THE SHOCK OF SEEING HIM was instant, even before he called her name. She had just now arrived home. Turned from the front door to see Corky hurrying toward the blue car in the driveway, Rafi getting out, smiling-there, at that moment-knowing who it was before she saw his face clearly but recognizing something about him, Corky shoving him then, keeping him against the car, and Rafi was calling, “Mary, help me!”
Beaming then, all a joke, with a few words in Spanish for Corky and he was coming to her with outstretched hands-to do what, put his arms around her? She took his hands, managed to smile and said pleasantly, with a note of surprise, “Well…” It was the best she could do.
“Mary, Mary, it’s so wonderful to see you again!” His head darted and he kissed her, almost on the mouth, before she could pull back.
Mary said, “Well…” She said something that sounded like, “What a surprise.”
Altagracia served them chilled white wine on the sundeck. Rafi made a show of raising his to the fading sun and came close to rejoicing over the red hues reflected in his glass. He wore his tailored white Dominican shirt, the squared-off tails hanging free of his trousers.
“It’s lovely,” Rafi said then, “everything, your home, your-how should I say?-your taste in decorating, it’s as I imagine it would be.”
Mary said, “I didn’t think you knew my name.”
His gaze came away from the view, the boat dock, the sweep of lawn, smiling with that air of familiarity, confidence, she remembered from the first time they met.
He said, “Mary, a woman of your beauty begs to be identified.”
She said, “Rafi, knock it off. Get to the point.”

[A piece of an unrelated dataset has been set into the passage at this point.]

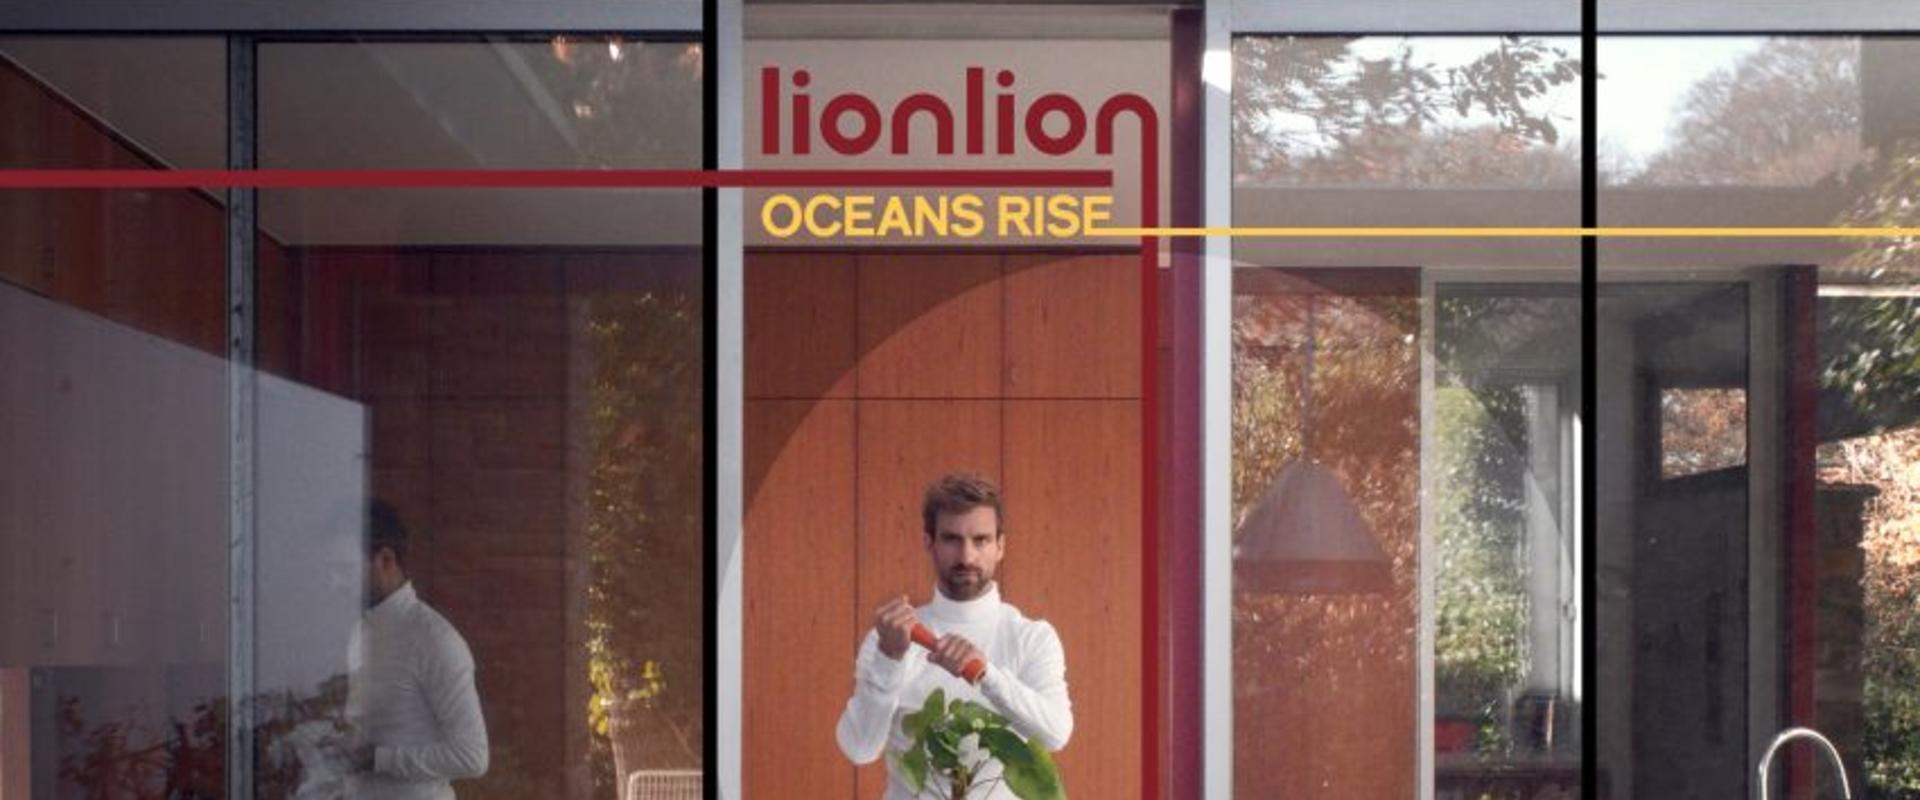 Lionlion – Oceans Rise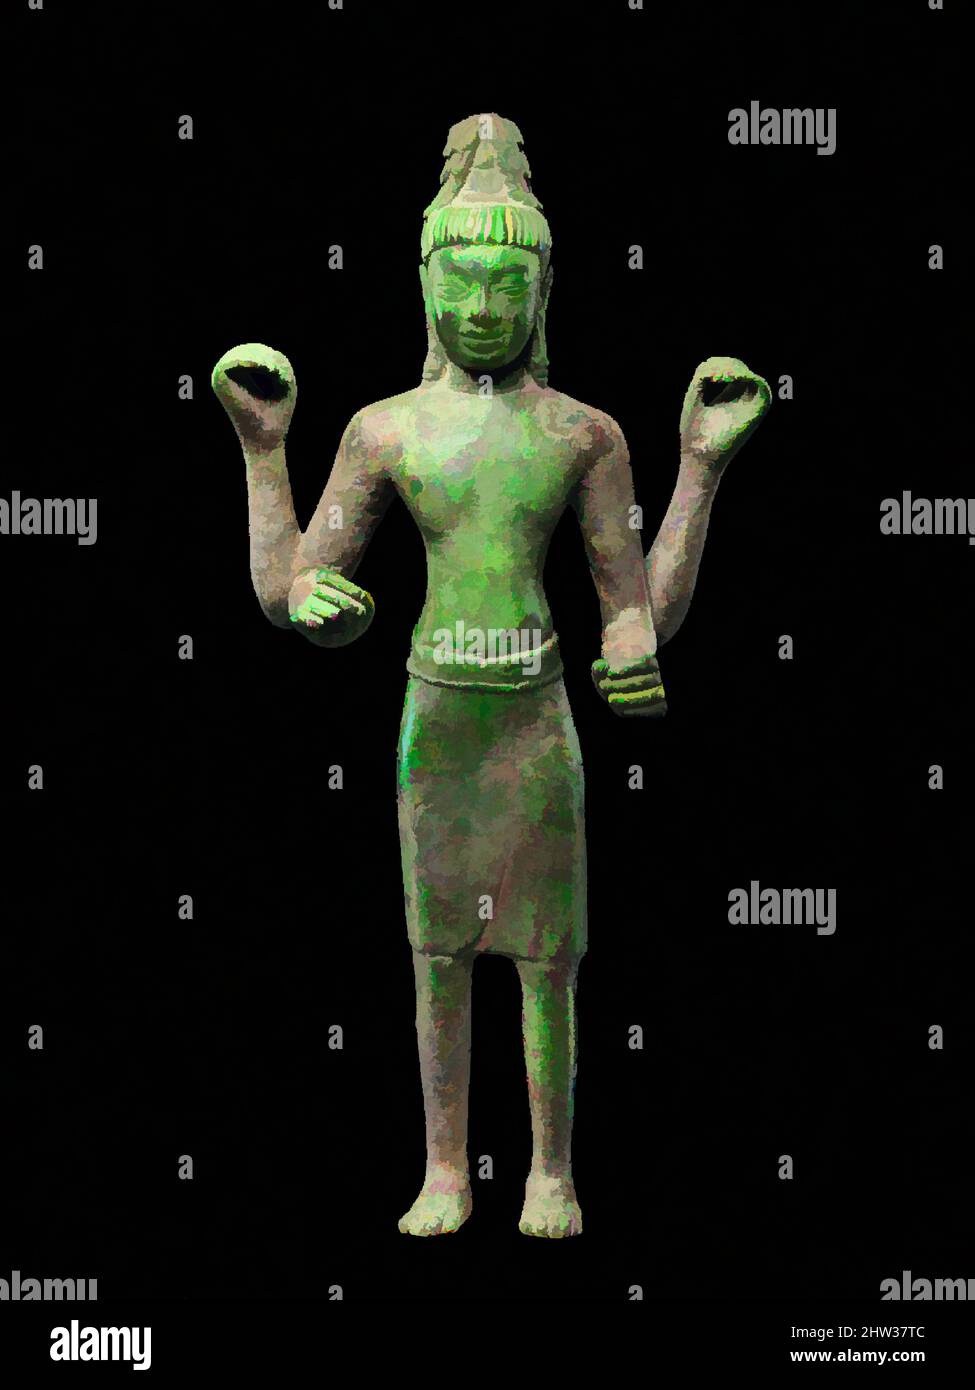 Kunst inspiriert von Bodhisattva Avaolkiteshvara, vor Angkor, zweite Hälfte des 7..–frühen 8.. Jahrhunderts, Westkambodschan, Kupferlegierung, H. 13 3/4 Zoll (34,9 cm); B: 6 3/4 Zoll (17,1 cm); D. 2 7/8 Zoll (7,3 cm); Gewicht geschätzt 6 lbs (2,7 kg), Skulptur, Diese vierarmige Avalokiteshvara erzählt, Klassische Werke von Artotop mit einem Schuss Moderne modernisiert. Formen, Farbe und Wert, auffällige visuelle Wirkung auf Kunst. Emotionen durch Freiheit von Kunstwerken auf zeitgemäße Weise. Eine zeitlose Botschaft, die eine wild kreative neue Richtung verfolgt. Künstler, die sich dem digitalen Medium zuwenden und die Artotop NFT erschaffen Stockfoto

“I’m sorry,” he said. “What?”
“Who told you my name?”
“You’re well known, Mary. The wife of a man who was once very important in our government. You come to Casa de Campo… You’re the buddy of a man who was a celebrity in Santo Domingo for a day or two, looking for his lost love.” He stopped. “I can’t imagine that, why he would look for someone else if he has you.”
“We’re friends,” Mary said.
“Yes, I notice. Very good friends.”
“Have you called him since you got here?”
“Who, Moran?” This brought a new depth of enjoyment. As his smile began to fade a trace still lingered. “You just left him, Mary, at, I believe, the Holiday Inn? Didn’t he tell you I’m staying with him?”